**Collected material:**
-- Opening Marker --
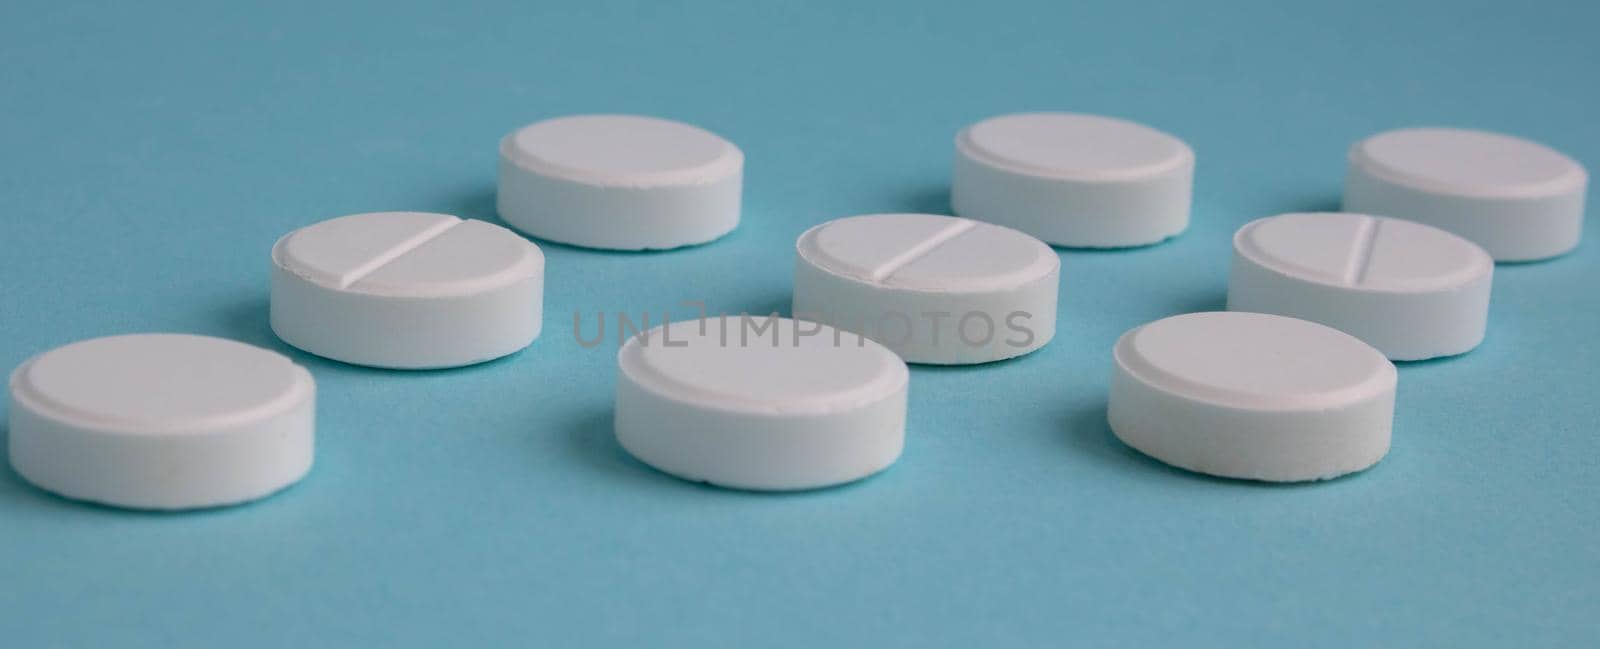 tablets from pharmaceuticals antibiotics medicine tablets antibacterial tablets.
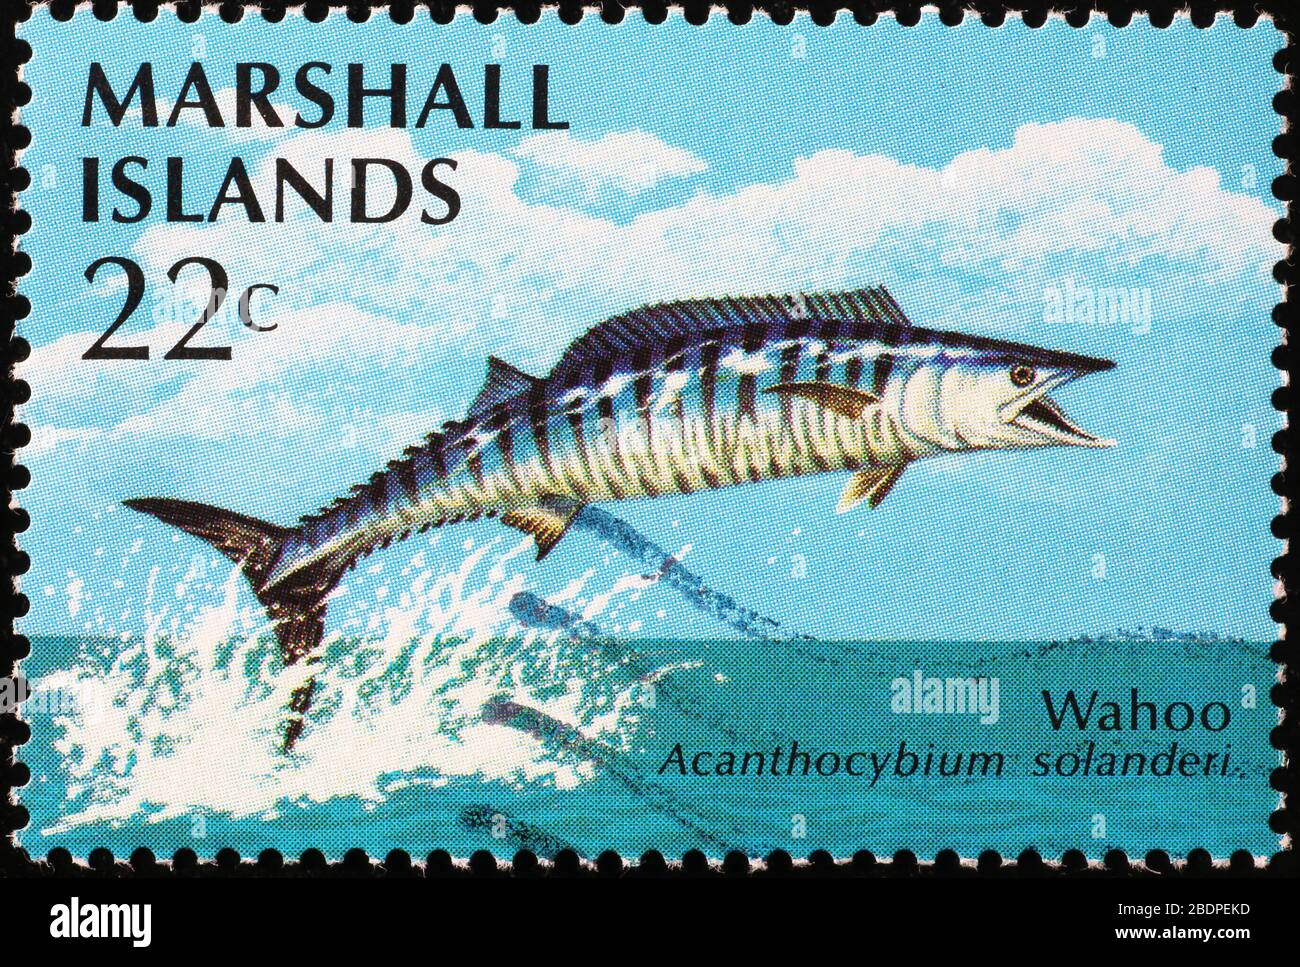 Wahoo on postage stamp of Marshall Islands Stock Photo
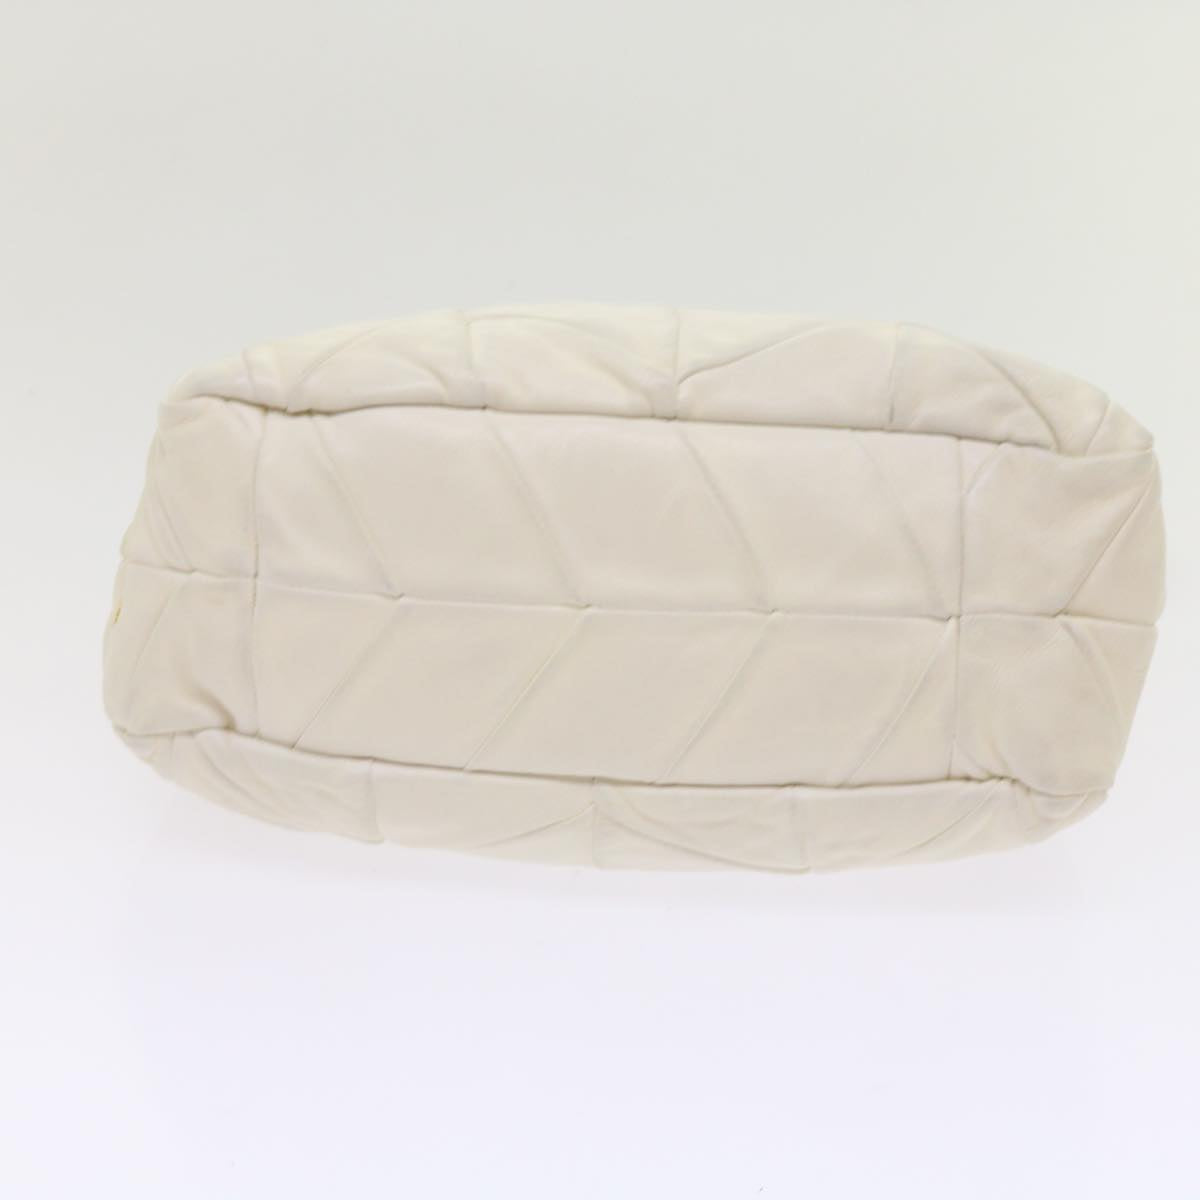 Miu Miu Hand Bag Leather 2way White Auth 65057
-- Closing Marker --
**The problem:** Do not include the pictures. Quote only the lines from the line with "Wahoo on postage" through the end of the material, both ends included, exactly.

**Exercise output:**
 Wahoo on postage stamp of Marshall Islands Stock Photo
 Miu Miu Hand Bag Leather 2way White Auth 65057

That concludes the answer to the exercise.